Every Chapter 4 output ends with a Review Quality classification — Thin / Usable / Strong — plus the gap that future captures should fill.

Shared preamble — memory check + priced book

Before any mode runs:

Memory check. What does the user's AI have access to? Prior session notes, Decision Records, Chapter 3 outputs, portfolio snapshots, broker statements, journal entries. Surface what is and isn't available.
Mode requirement check. Does the available memory meet the requested mode's minimum? If not, divert to Mode 4.0.
Priced book. Run Chapter 2's shared preamble — load and price the current book. State coverage.
Window. Determine the review window. Default for periodic modes is one week.
Benchmark. Pick one and name it: S&P 500 for US-equity-heavy books, ACWI for global, BTC for crypto-heavy. Do not silently switch benchmarks across modes within a session.

Mode 4.0 — Baseline Capture

When to use: First time the user runs Chapter 4. Also: any time another mode's memory check fails. This is the chapter's default entry point.

Memory required: None. This mode creates the memory.

Procedure:

Acknowledge the gap honestly. There is no usable history to review. That is not a failure of the chapter — it is the starting condition.
Capture a portfolio snapshot from current state.
For each top position, ask the user — in their own words — what they think the thesis is. Distinguish known theses (the user can articulate the reason) from undocumented theses (the user holds it but cannot explain why right now).
Record current regime context from Chapter 1 so future reviews can compare against it.
Capture what the user is currently concerned about — the questions or risks on their mind.
Set a review cadence (weekly is the default) and a next-review trigger (date or event).
Output the Baseline Record. The user's AI saves it locally. From this point on, future Chapter 4 runs have something to compare against.

Output contract:

Output format

## Baseline Record — [DATE]

**Date:** [YYYY-MM-DD]
**Portfolio snapshot available:** yes / no
**Positions reviewed:** [list]
**Known theses:** [position → one-line thesis, in user's words]
**Unknown / undocumented theses:** [positions with no current rationale]
**Current regime context:** [Ch1 regime read summary]
**Current user concerns:** [what's on the user's mind today]
**Review cadence:** [weekly / monthly / event-driven]
**Next review trigger:** [date or condition]

**Review Quality:** N/A — this run creates the baseline
**Missing memory captured:** [what the user couldn't articulate yet — flag for future Mode 2.4 walkthroughs]

The session ends with: future Chapter 4 reviews will be better because this is now the first anchor point.

Mode 4.1 — Period Review

When to use: "How did my book do this week / month / quarter," "what happened in my book," "what should I pay attention to from the last [period]." Default cadence: weekly.
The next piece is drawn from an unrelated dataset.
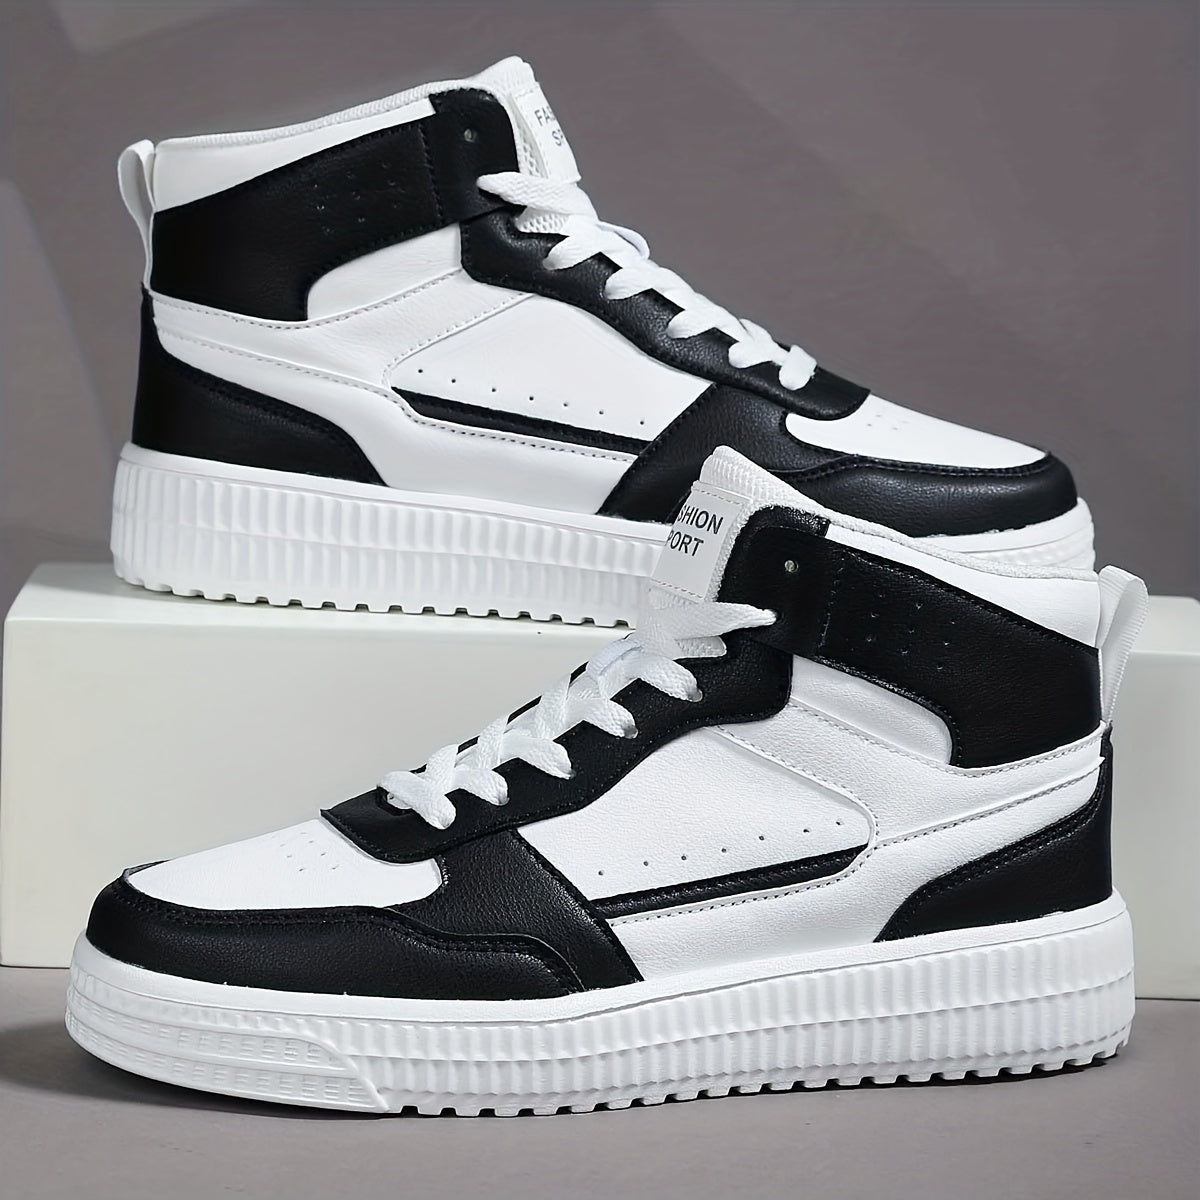 Men's High Top Skate Shoes With Good Grip, Lace-up Sneakers, Men's Footwear

Memory required: Thin OK — current holdings and price history are enough to run, though documented theses sharpen the output meaningfully.

Procedure:

Establish the period boundaries (start date, end date) and state them explicitly.
For every priced position: compute period return and contribution to the portfolio (return × weight). Group into top contributors and top detractors.
For each top mover: pull the news/events of the period that explain the move. One line per name. If a move has no obvious explanation, say so — that is itself a signal.
Compute book-level metrics where the data supports it: total return vs. the chosen benchmark, number of new positions opened, positions closed, turnover.
Reference the Chapter 1 regime read at the start vs. end of the period. If the regime shifted, note it and call out the implication for the book.
Surface anything unusual: positions that moved outside their typical range, correlations that broke, factor moves the user wouldn't have predicted from the regime alone.
If theses are documented: flag any contributor or detractor whose move is thesis-confirming or thesis-breaking. If not: state that thesis-relevance cannot be assessed in this run, and surface it as missing memory.

Output contract:

Output format

## Period Review — [START DATE] to [END DATE]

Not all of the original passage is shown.